▸ Problem statement
Only the pictures are to be dropped, and the rest of the data should be copied exactly.

▸ Data extract

##########

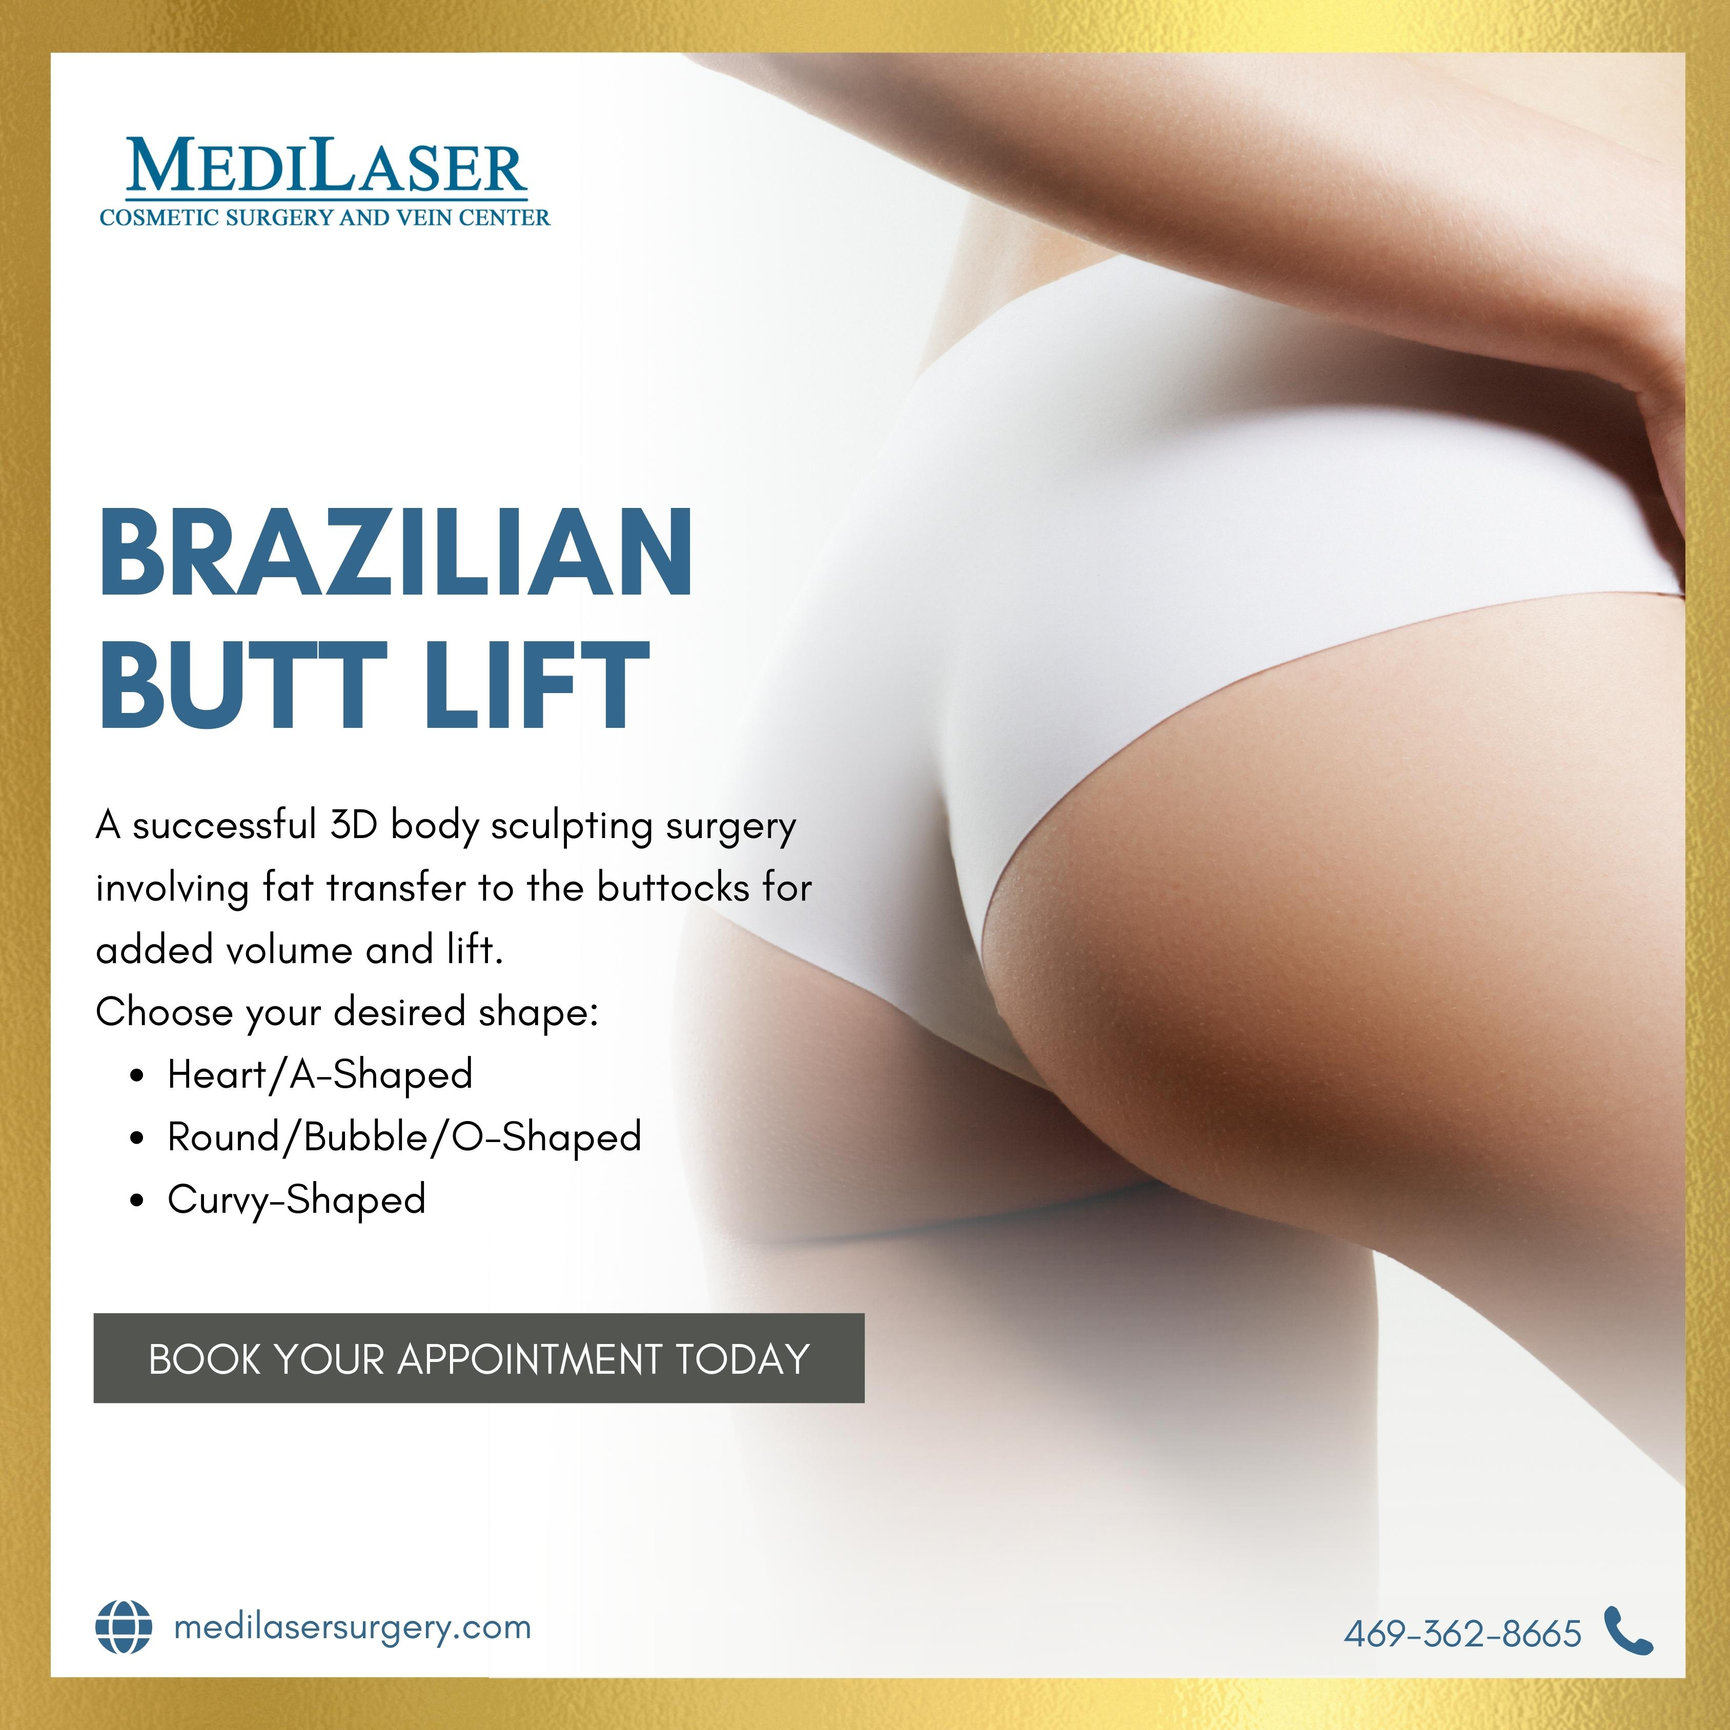 BBL Shapes: Common Brazilian Butt Lift Shapes
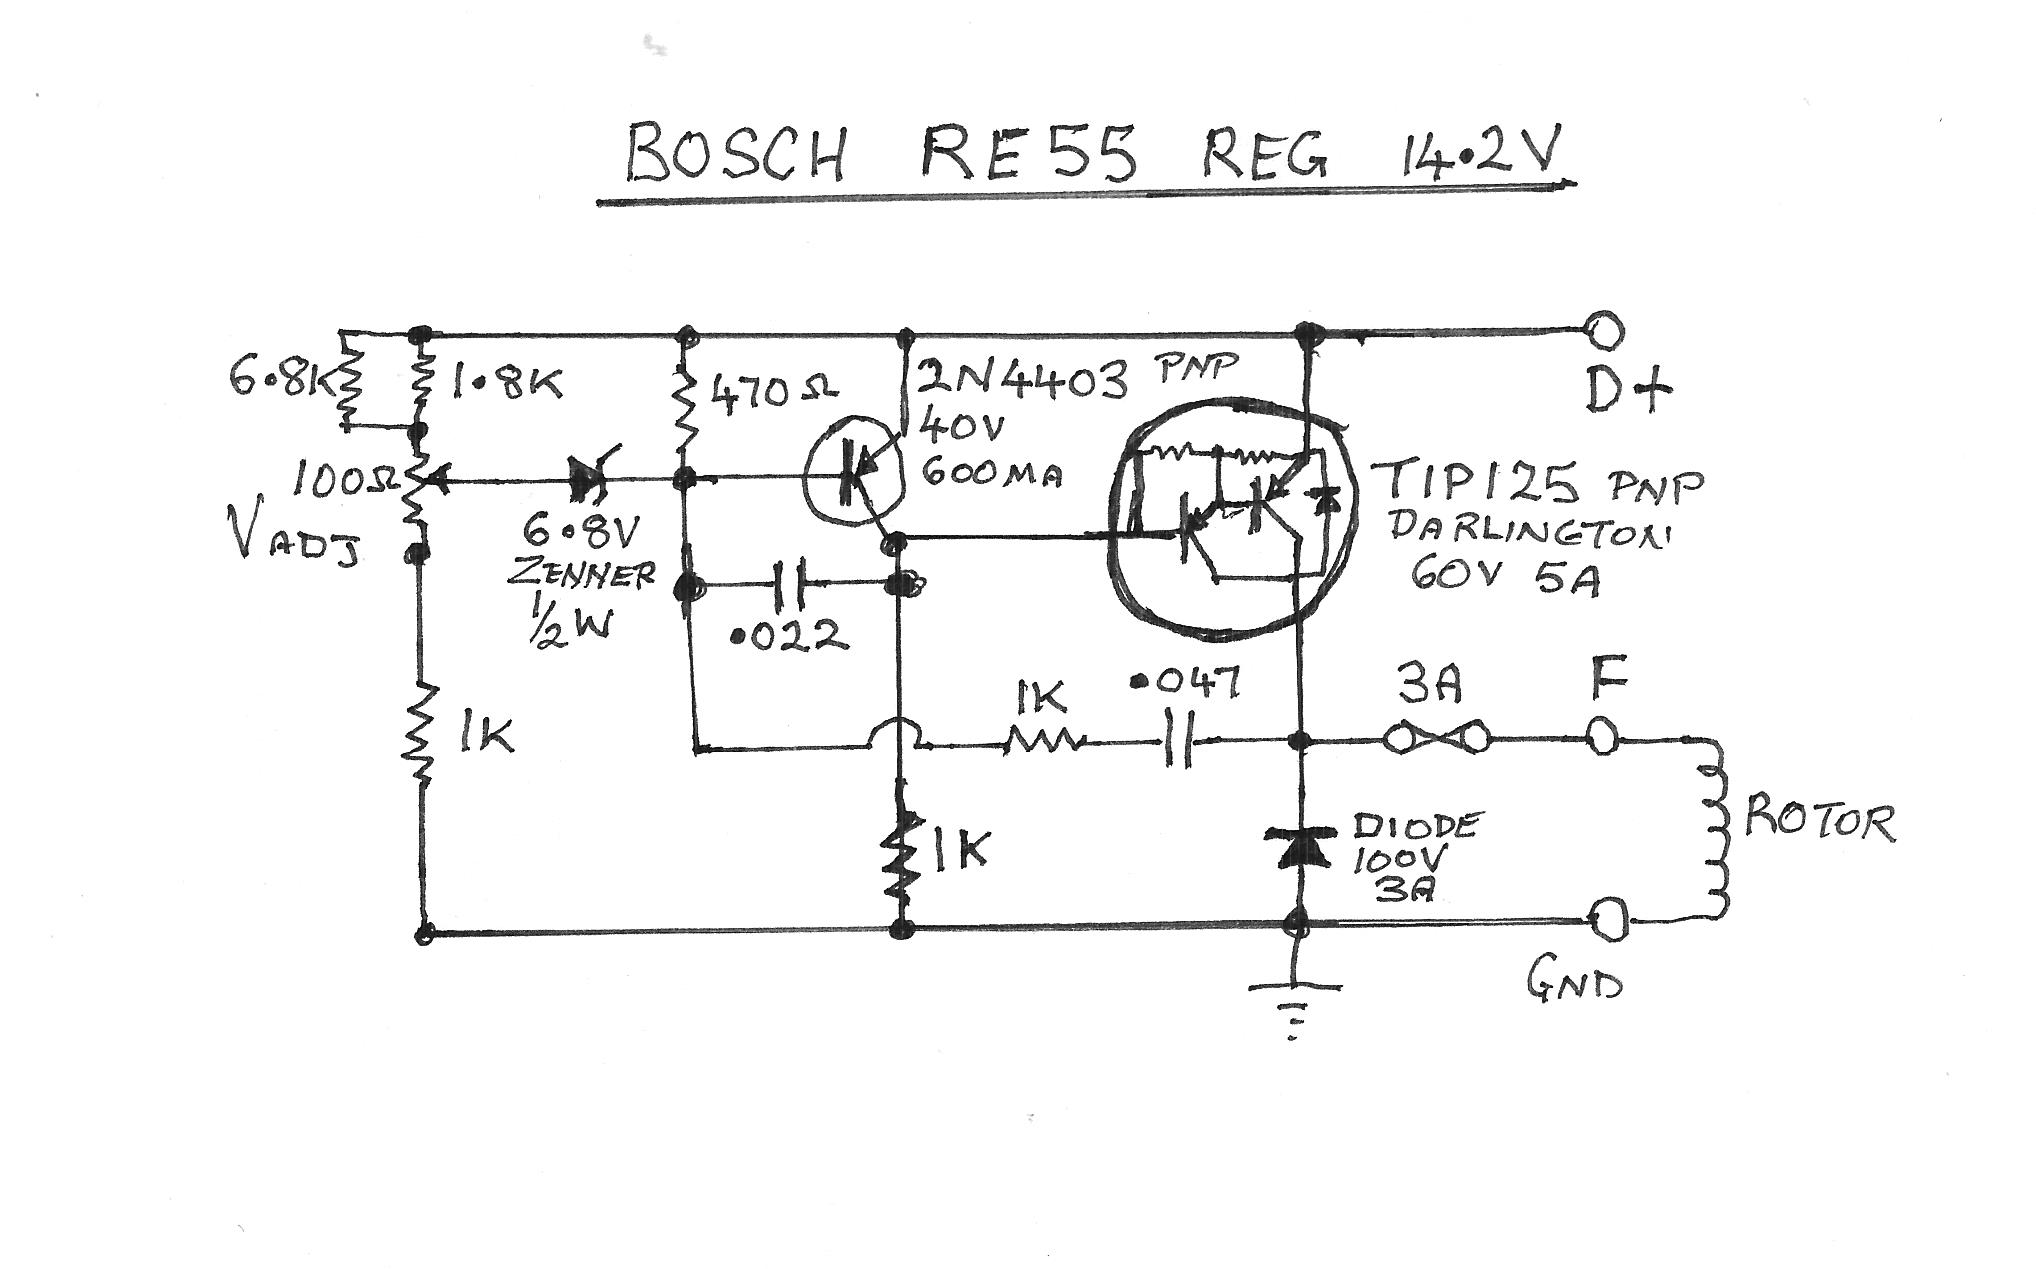 BOSCH RE55 REG CIRC.jpg
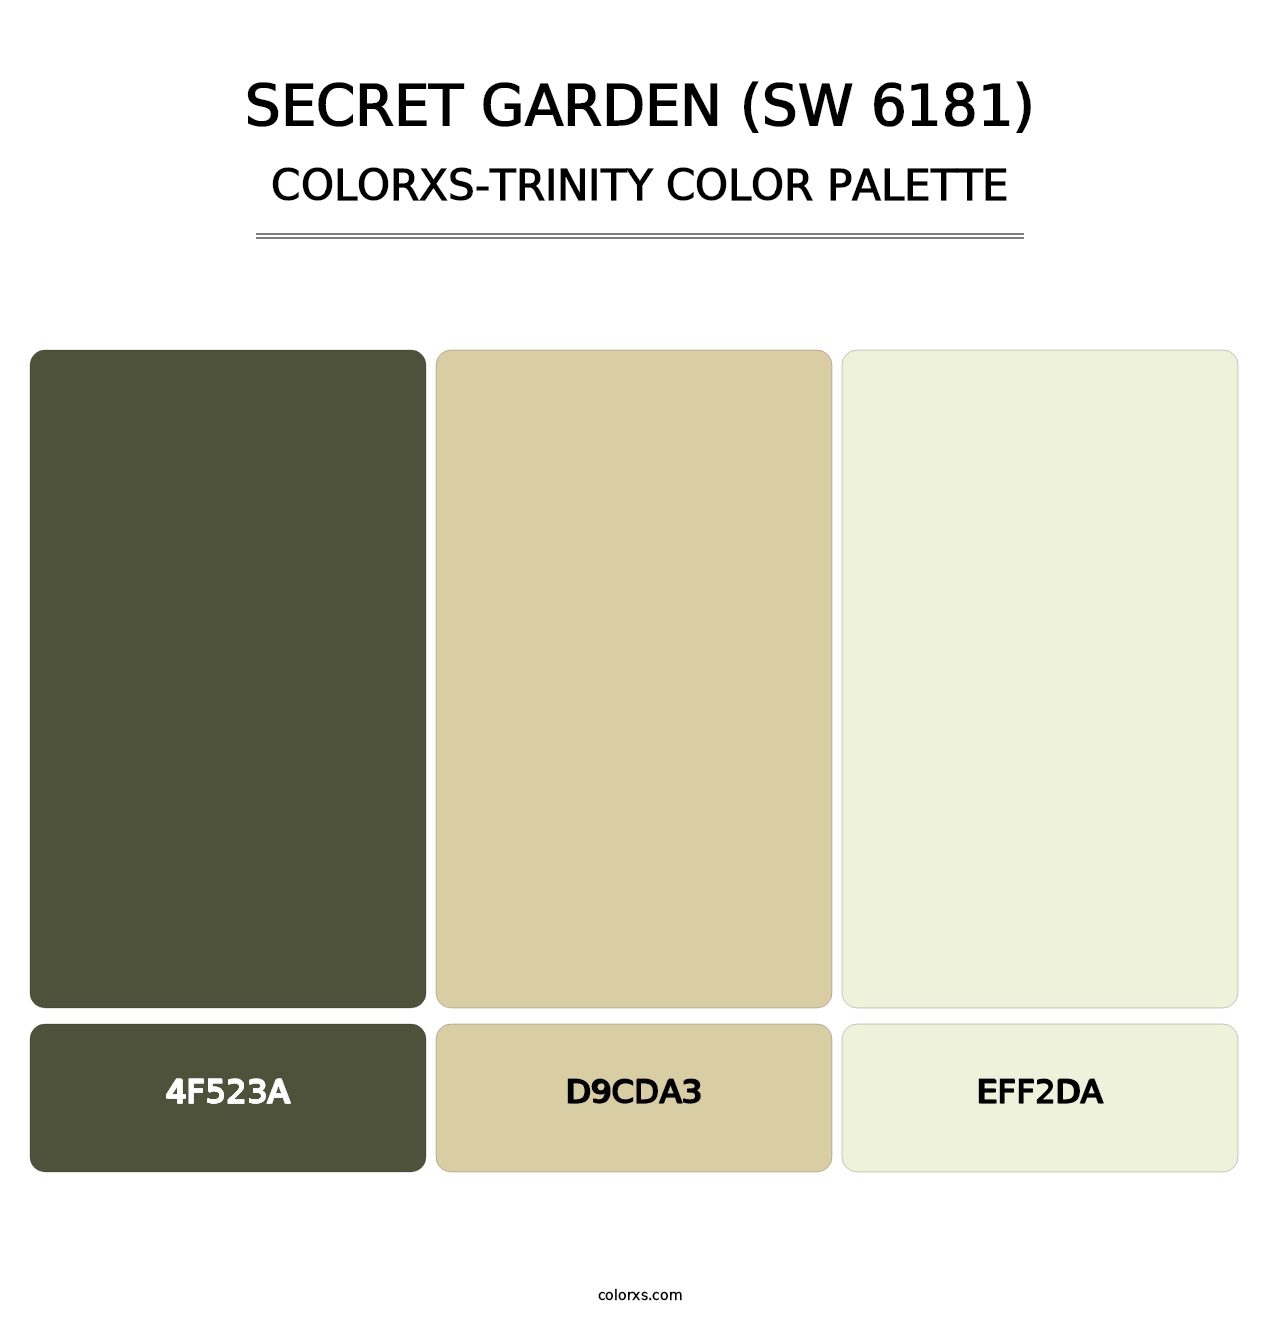 Secret Garden (SW 6181) - Colorxs Trinity Palette
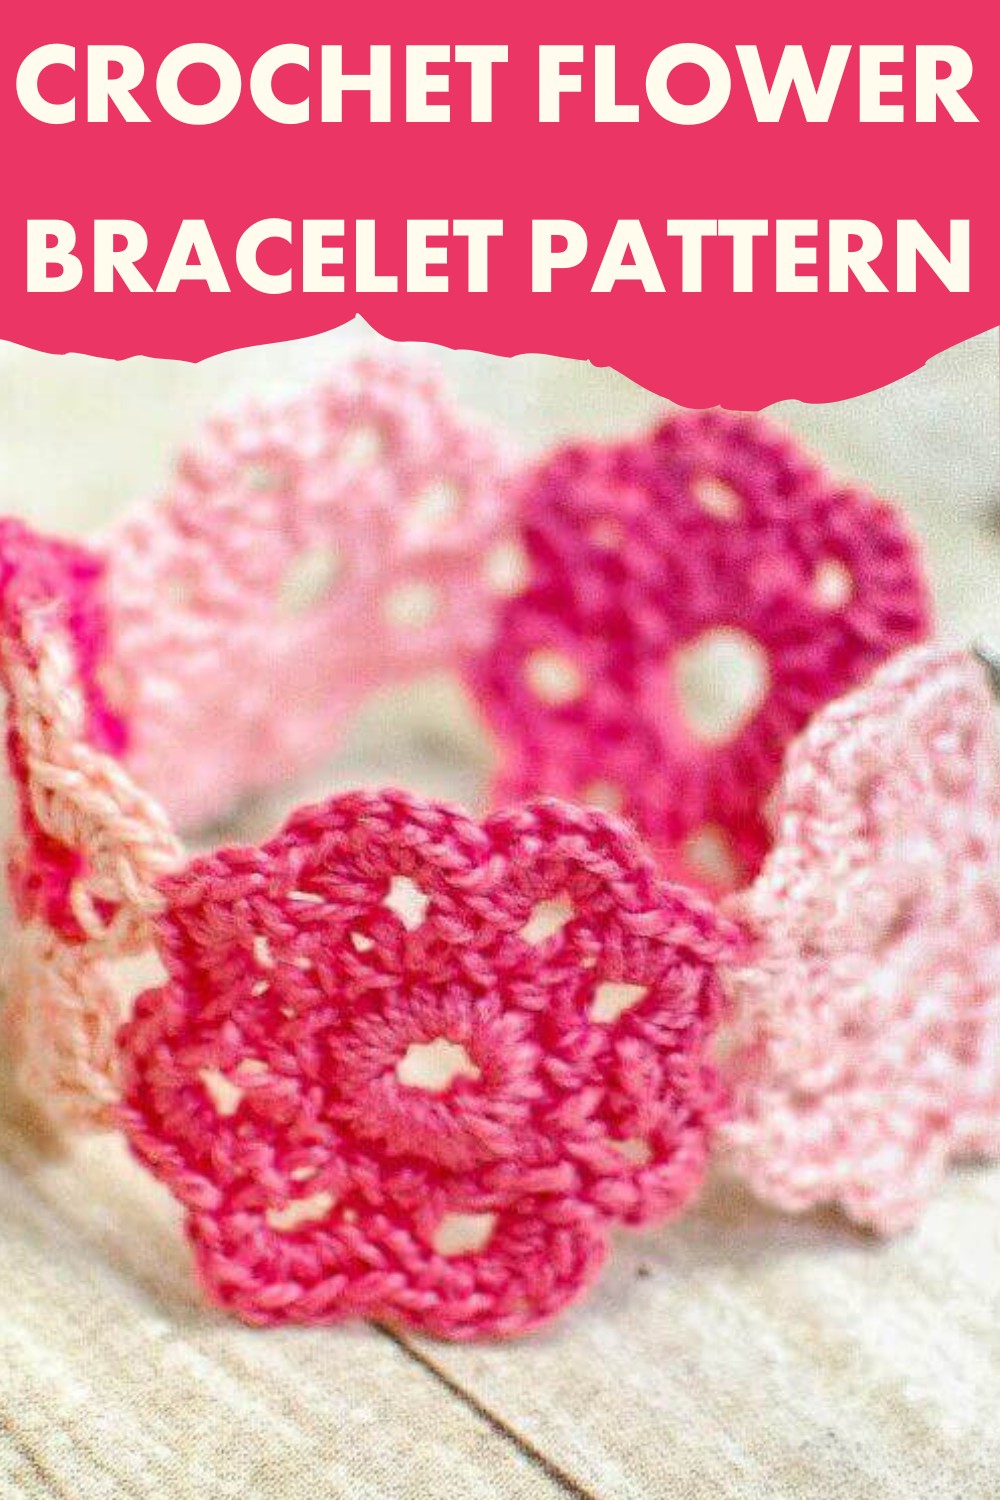 Crochet Flower Bracelet Pattern

##########

▸ Completed exercise
 BBL Shapes: Common Brazilian Butt Lift Shapes
 BOSCH RE55 REG CIRC.jpg
 Secret Garden (SW 6181) - Colorxs Trinity Palette
 Crochet Flower Bracelet Pattern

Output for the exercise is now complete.